Pipelineto our model training.

However, in order to use thePipelineThere are some things that we need to pay special attention to when we use it.

firstlysequence of stepsThe data will be processed sequentially in the order of the steps.

For example, if you are going to perform feature selection first and then normalize the data, then you need to place the feature selection step before the normalization step. If the order is wrong, the model performance may be degraded or may not function properly.

Second, the individual steps of theInterface compatibilityIt's important, too.PipelineEach step in the process needs to fulfill certain interface requirements.
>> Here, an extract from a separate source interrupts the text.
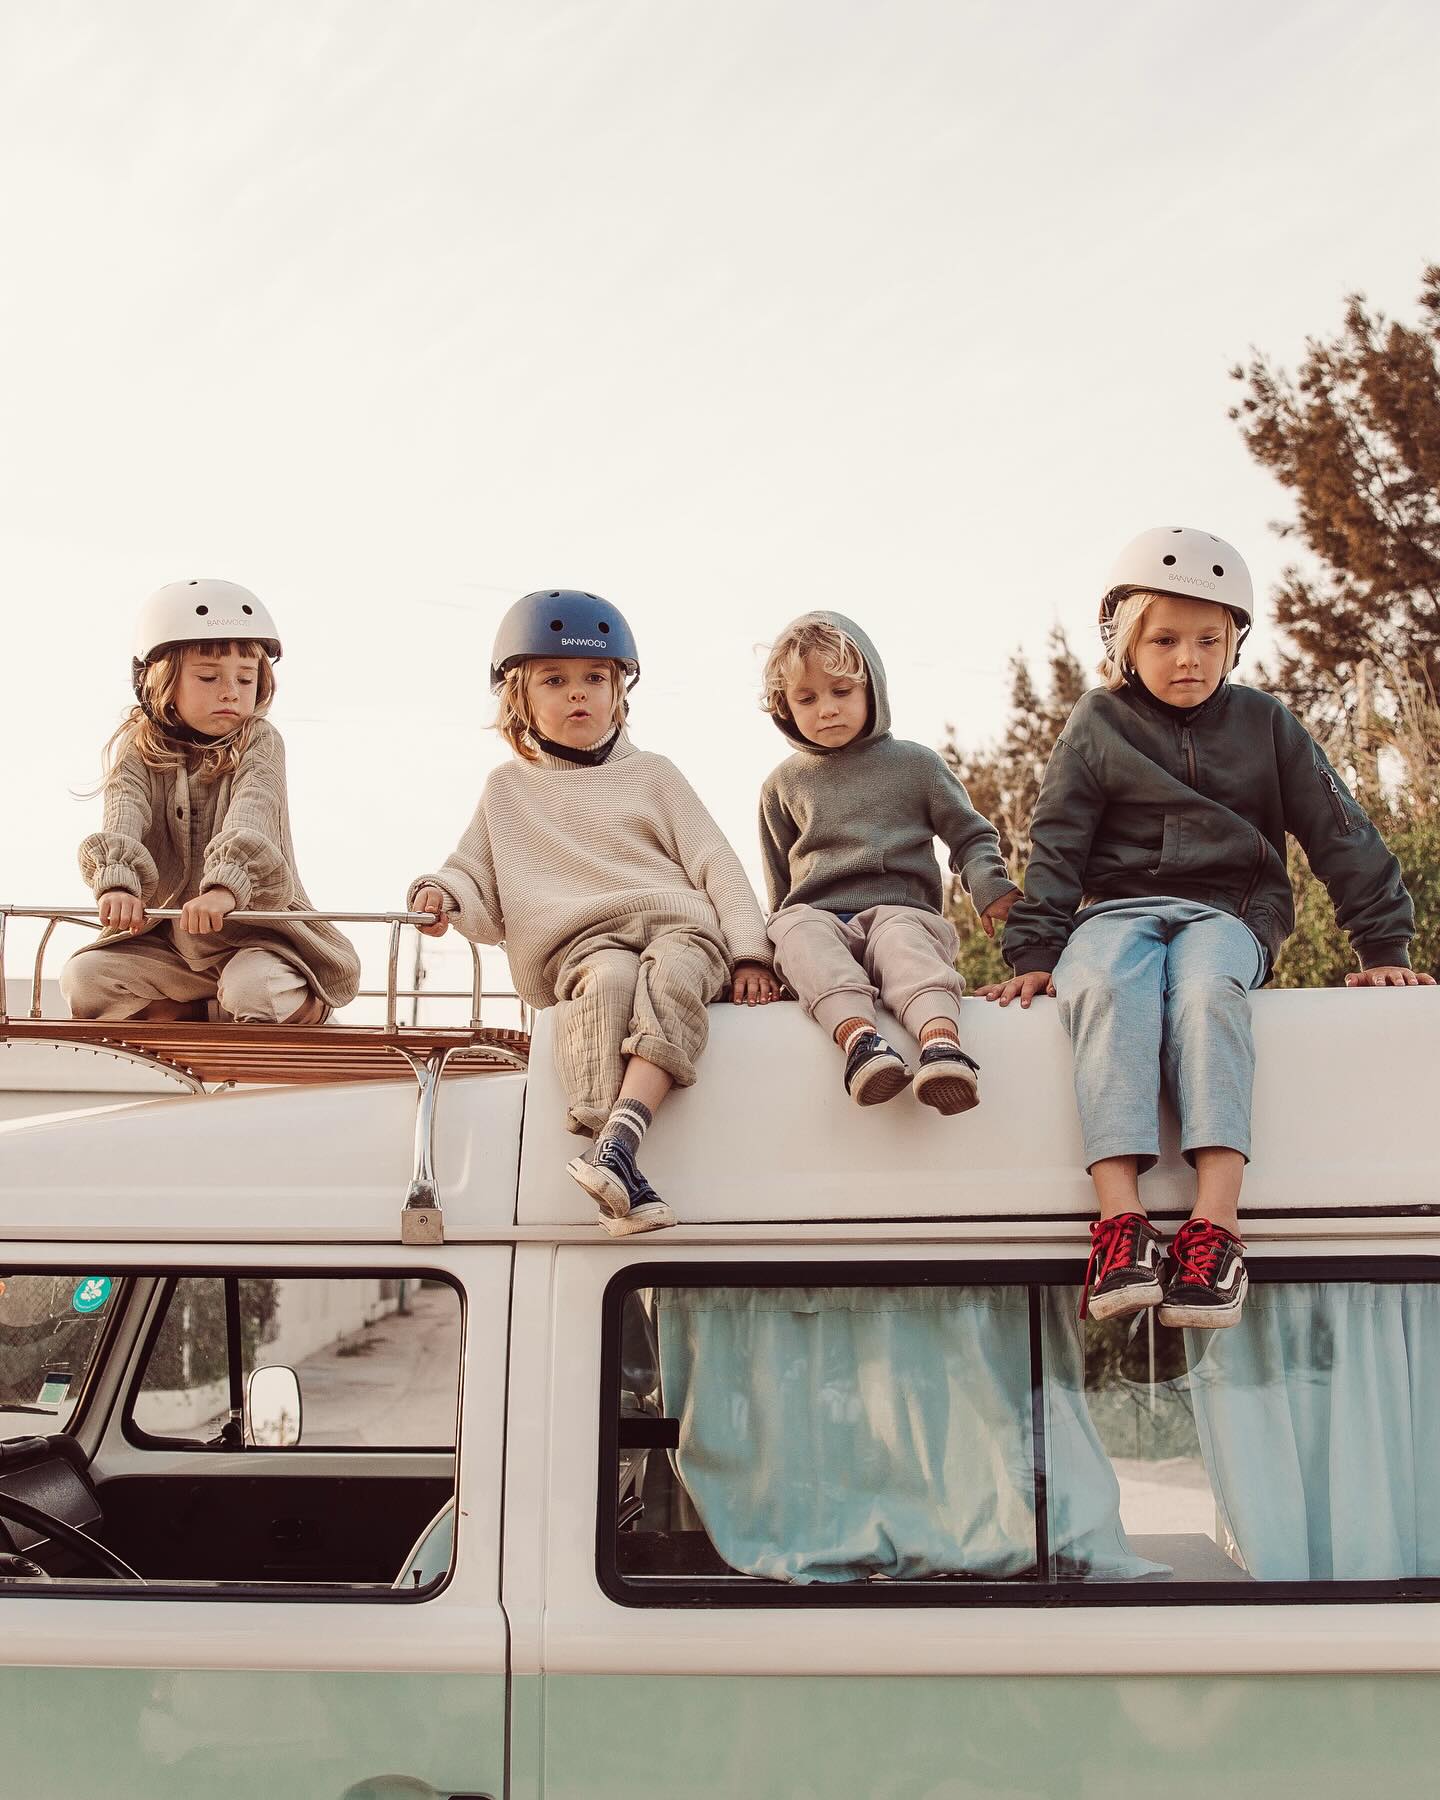 Van-life on topDiscover all our helmets at #banwood.com
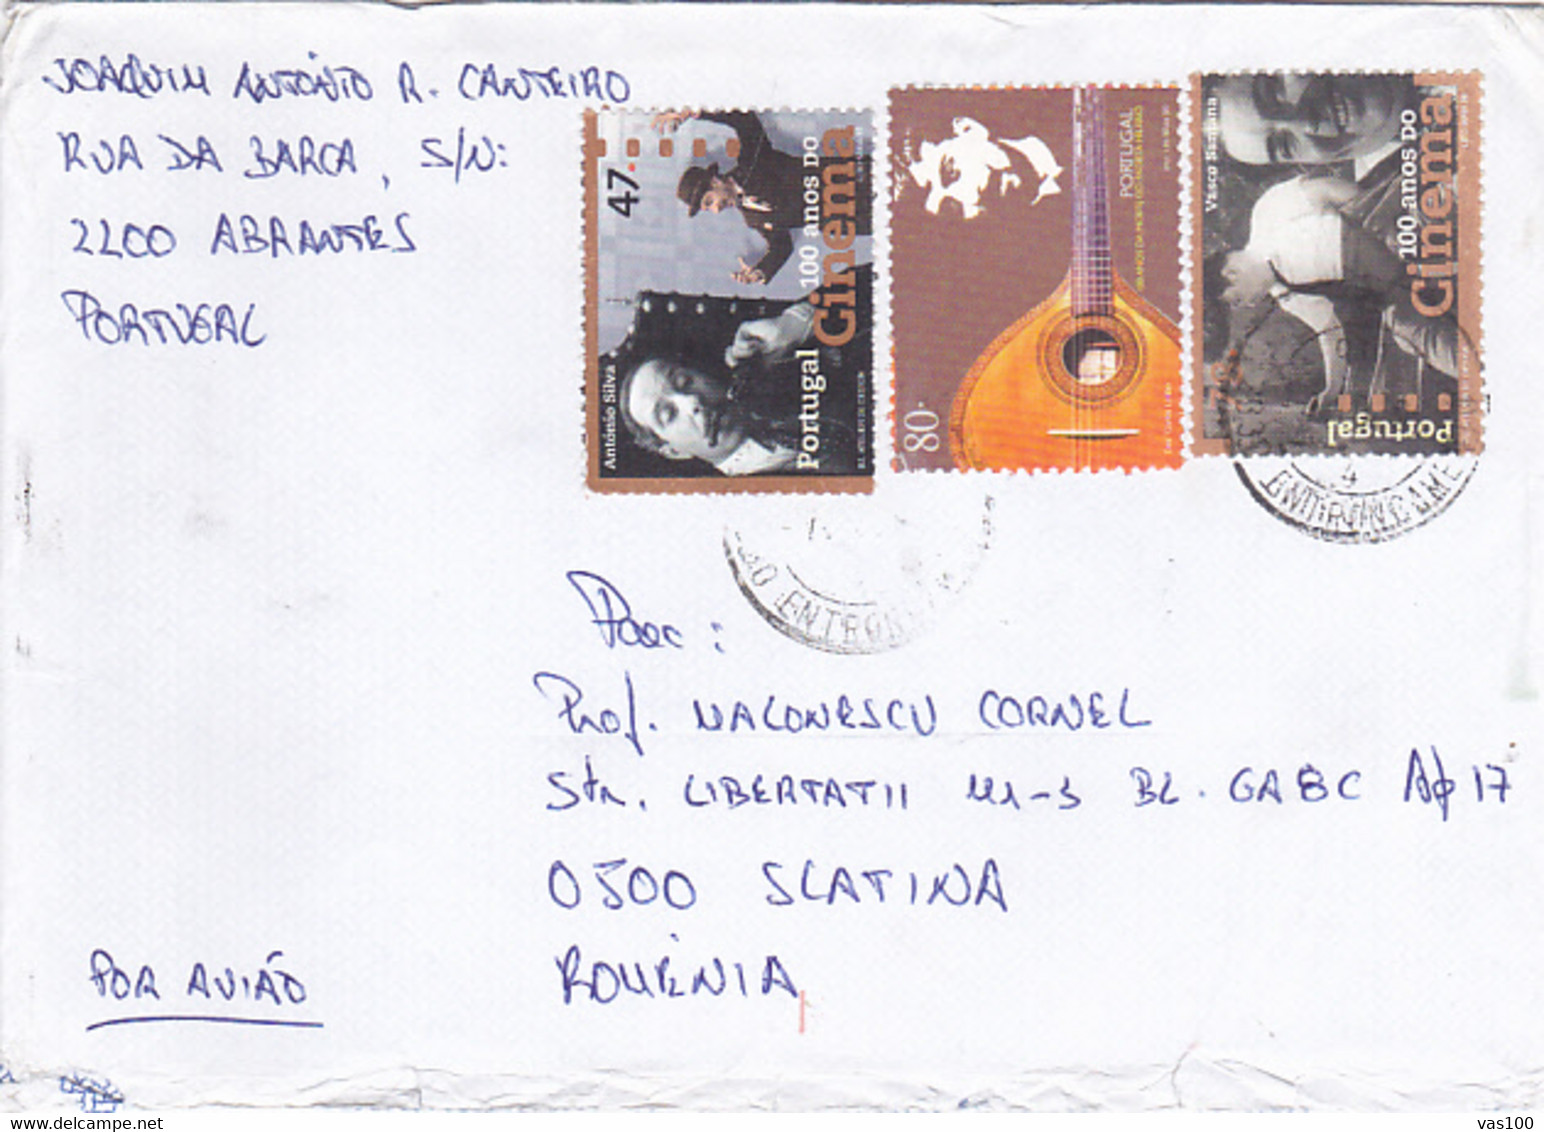 CINEMA, AUGUSTO HILARIO, STAMPS ON COVER, 1996, PORTUGAL - Covers & Documents

For the data preprocessing step (converter), it is necessary to implement thefitrespond in singingtransform(orfit_transform) Methods;

For the model training step (estimator), it is necessary to implement thefitMethods.

If the customized steps do not implement these methods correctly, the pipeline will run with errors.

Finally, use thePipelineWhen making parameter adjustments, it is important to note thatNaming of parameters。

existPipelinein which the name of the parameter is a combination of the step name and the actual parameter name.

For example, if you have a file namedscalerThe normalization step with a parameterwith_mean, then during parameter tuning, the parameter name should bescaler__with_mean。

This naming scheme ensures that the parameters in each step are correctly adjusted.